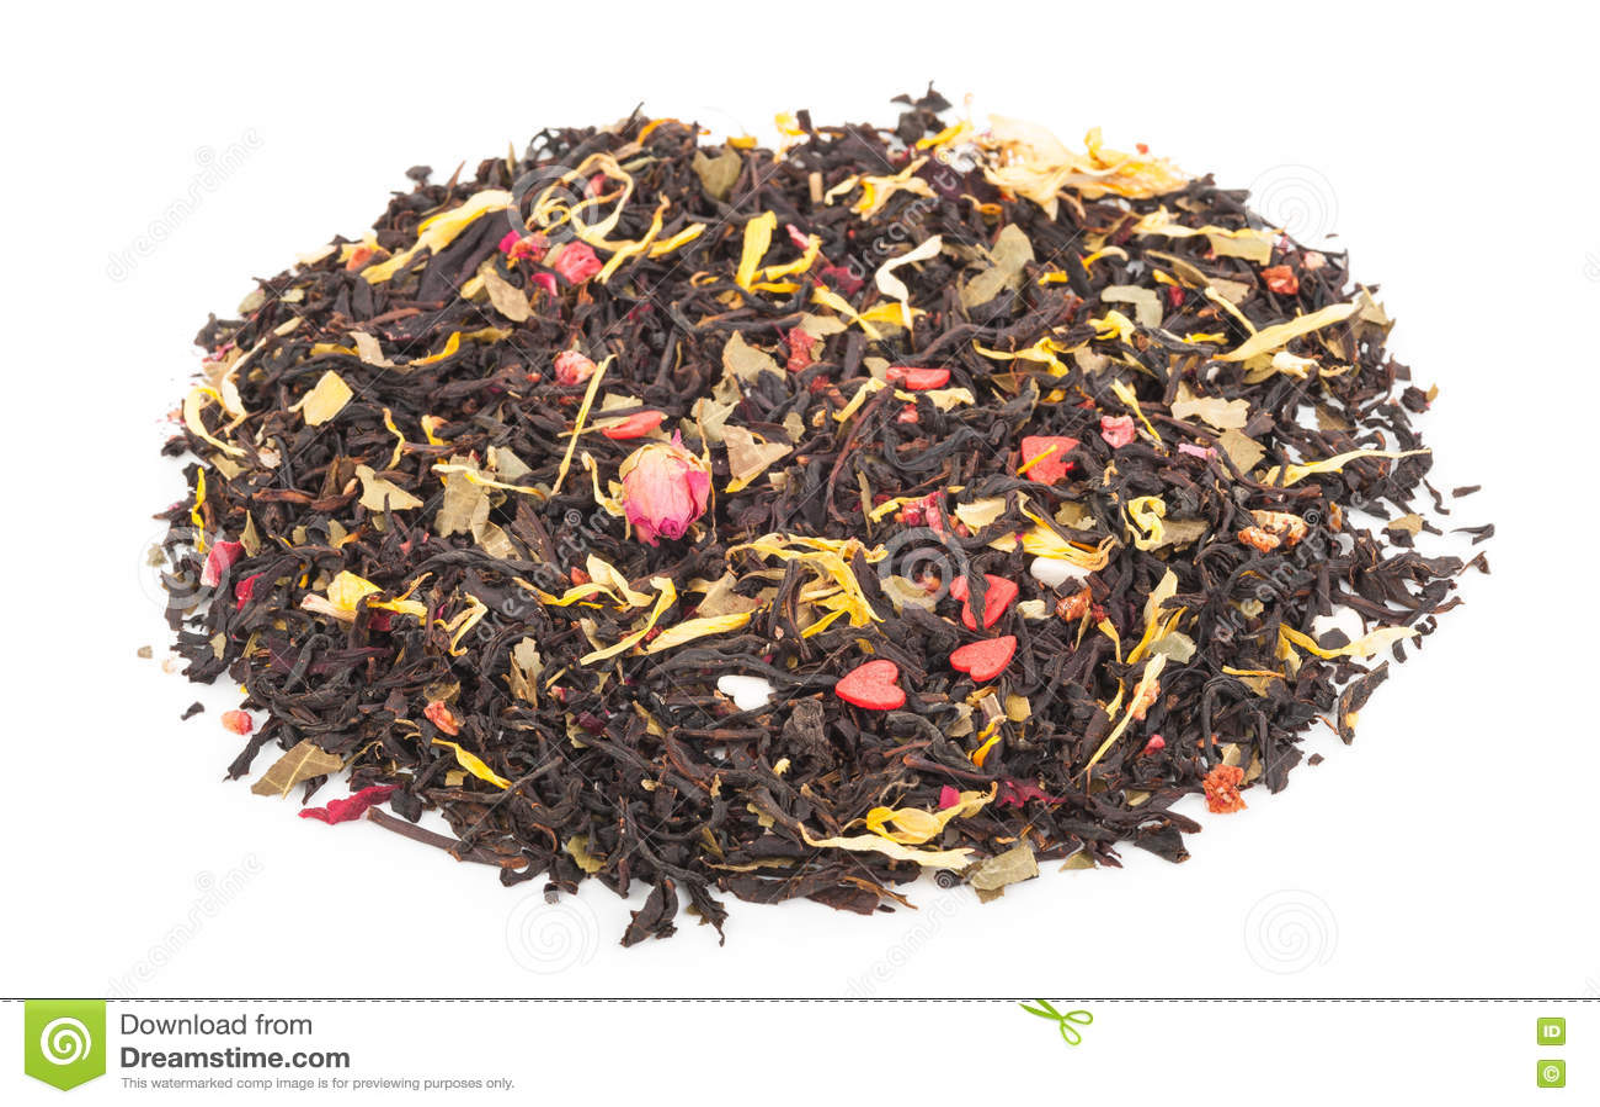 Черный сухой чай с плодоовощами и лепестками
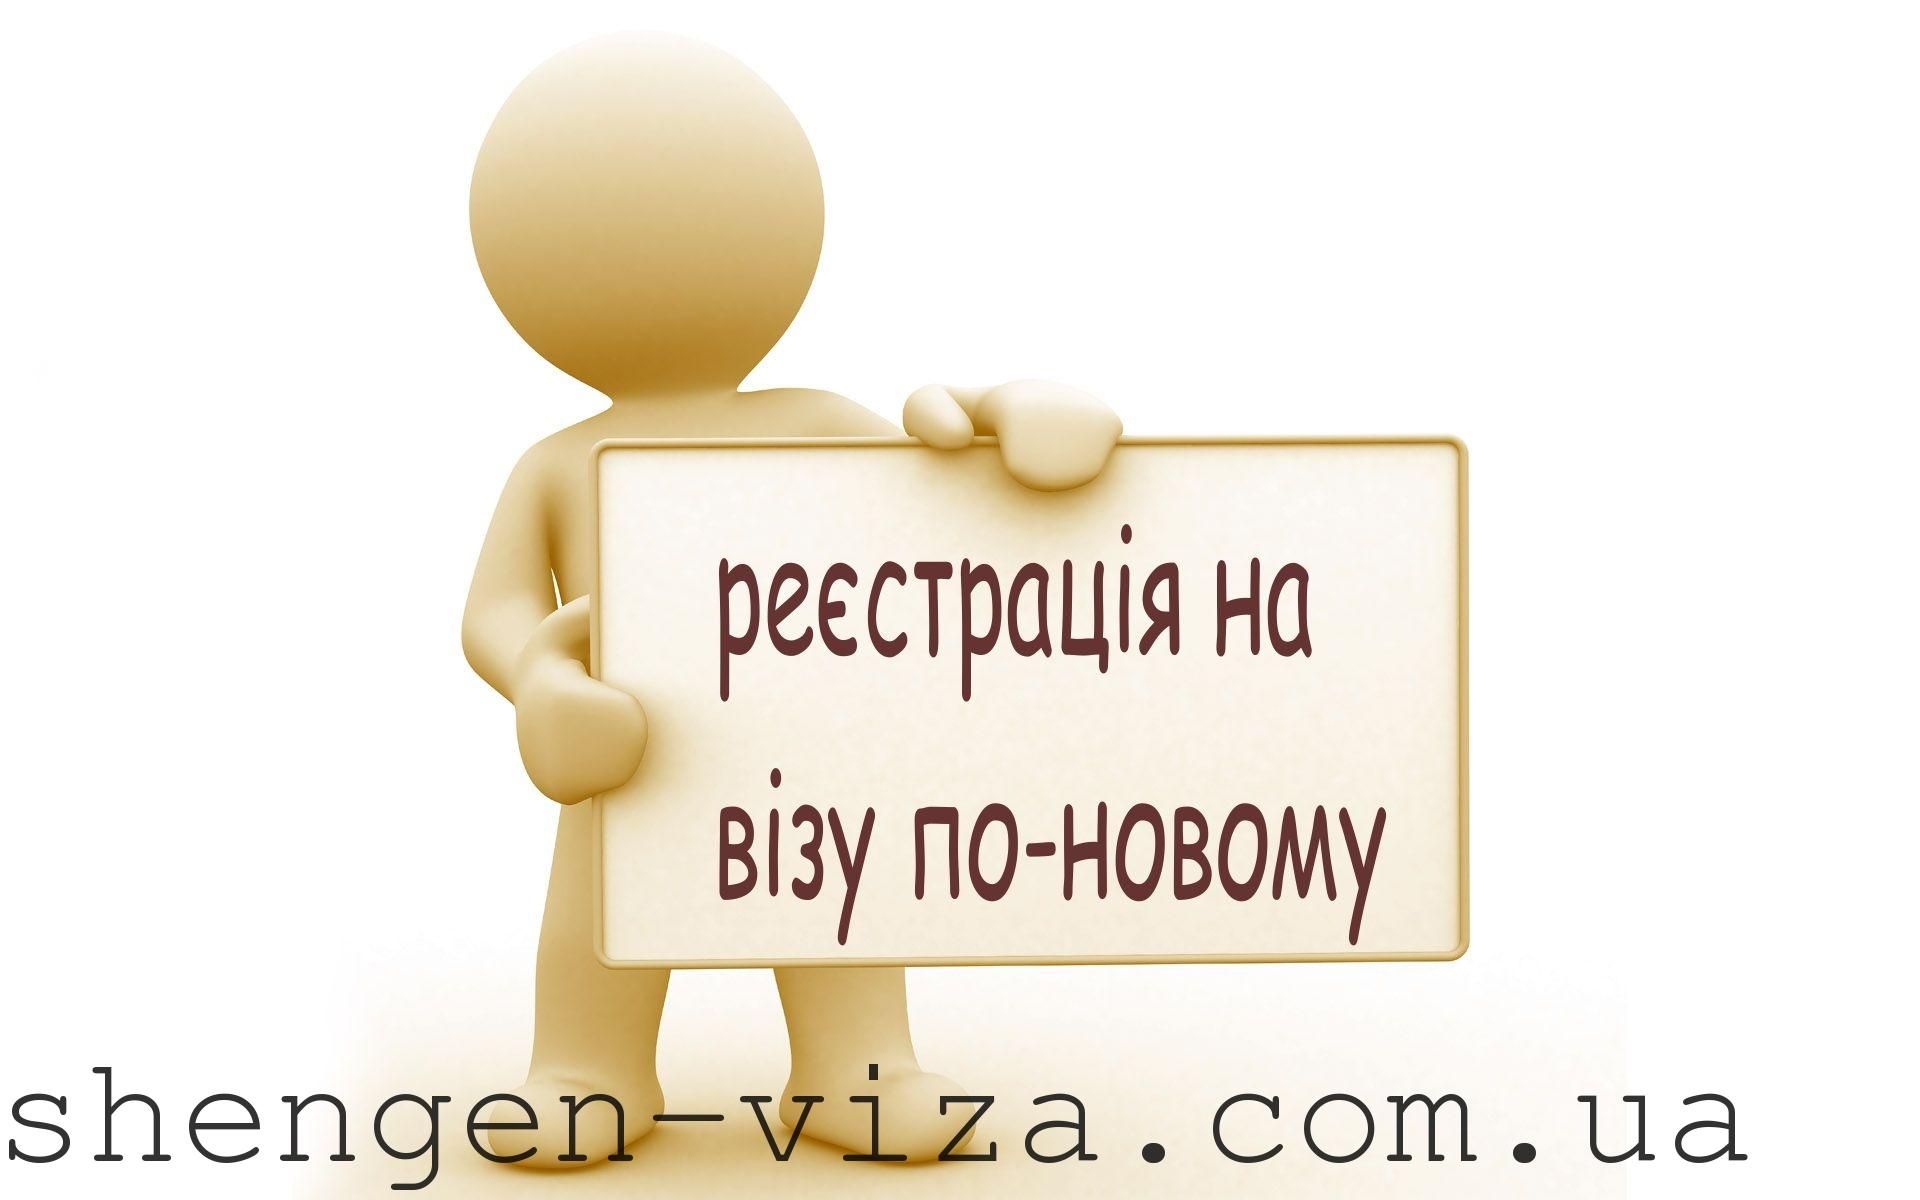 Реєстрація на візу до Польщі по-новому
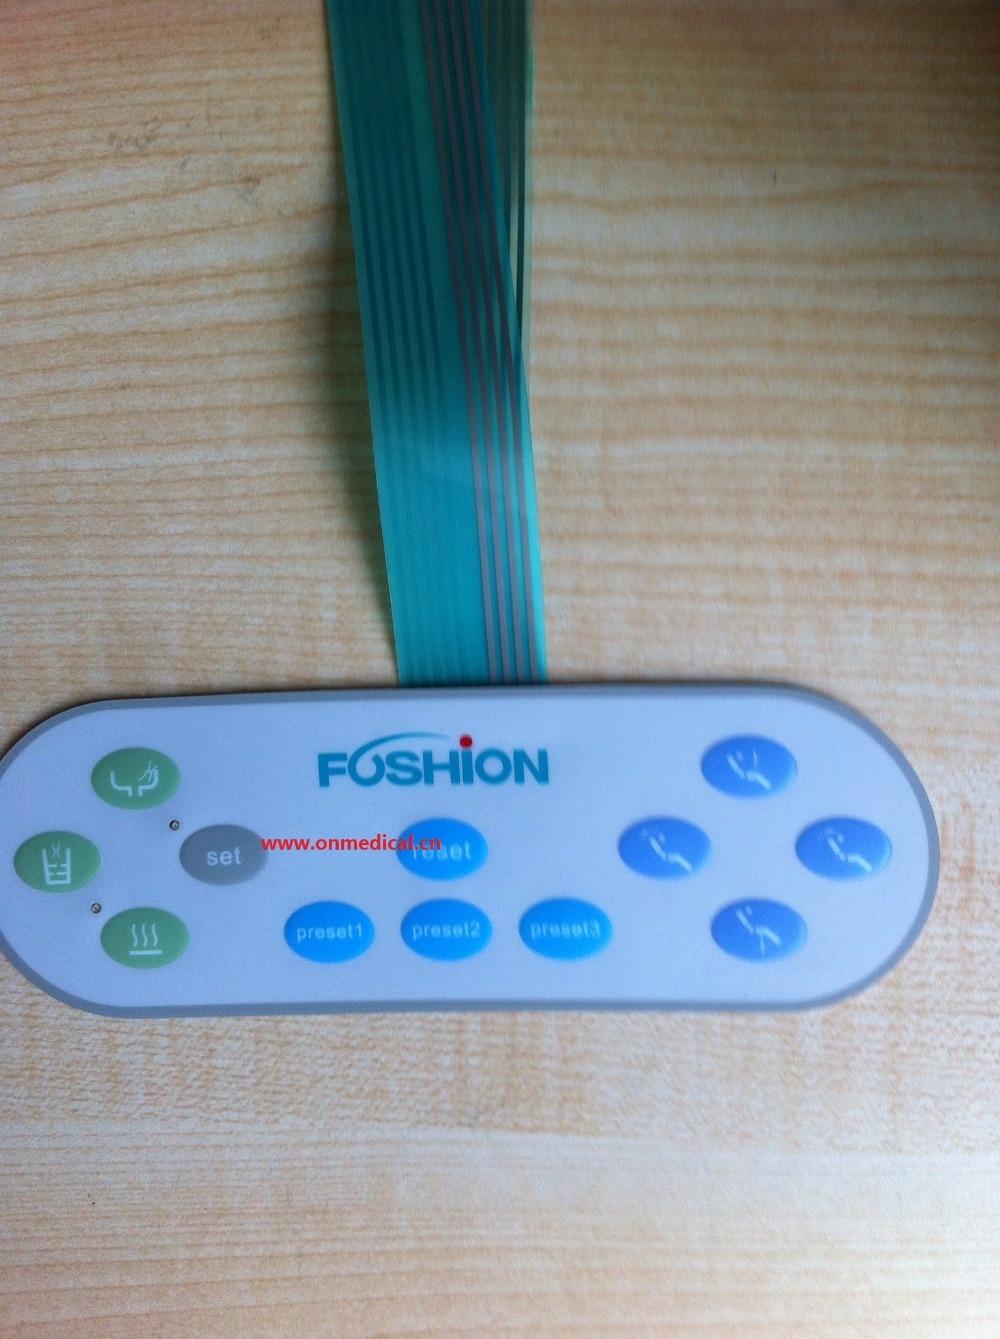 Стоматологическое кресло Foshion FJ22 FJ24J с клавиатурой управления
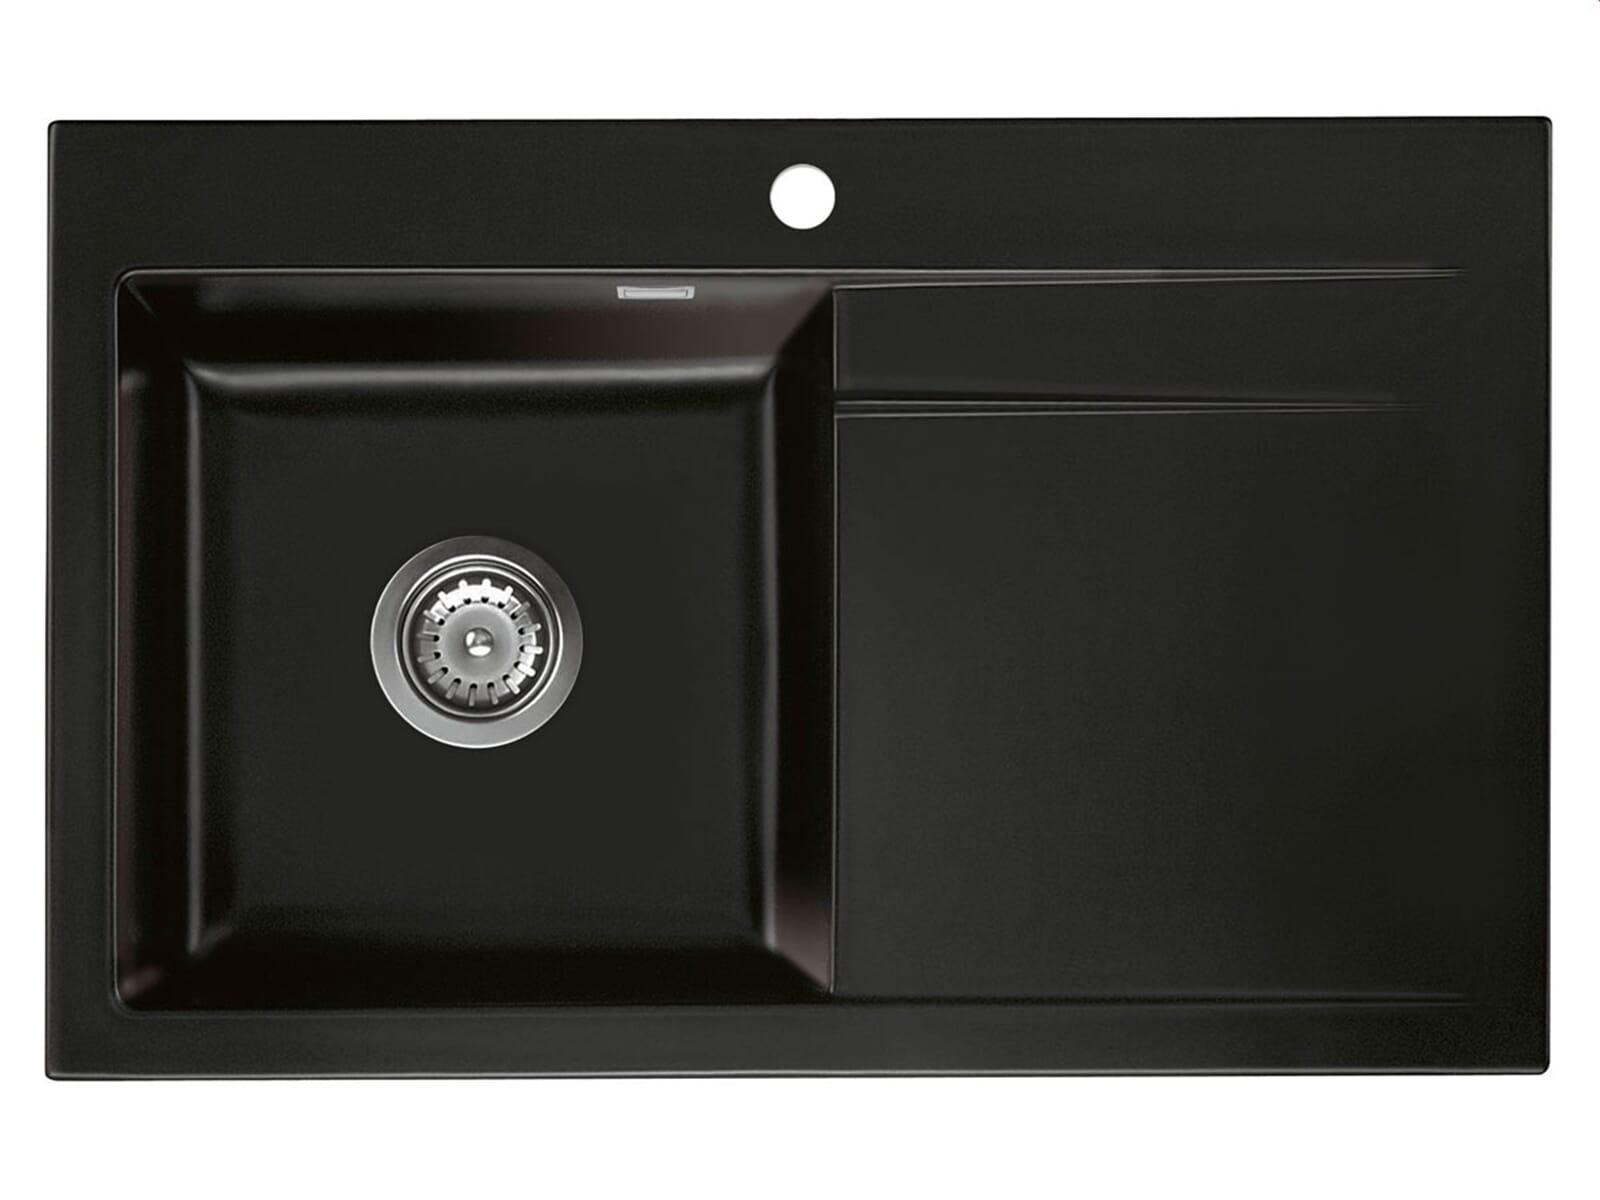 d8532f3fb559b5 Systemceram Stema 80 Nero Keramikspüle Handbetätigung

**About this exercise**
Give back the data verbatim. The pictures are not part of the copy.

**Exercise result**
 Черный сухой чай с плодоовощами и лепестками
 Реєстрація на візу до Польщі по-новому
 Стоматологическое кресло Foshion FJ22 FJ24J с клавиатурой управления
 d8532f3fb559b5 Systemceram Stema 80 Nero Keramikspüle Handbetätigung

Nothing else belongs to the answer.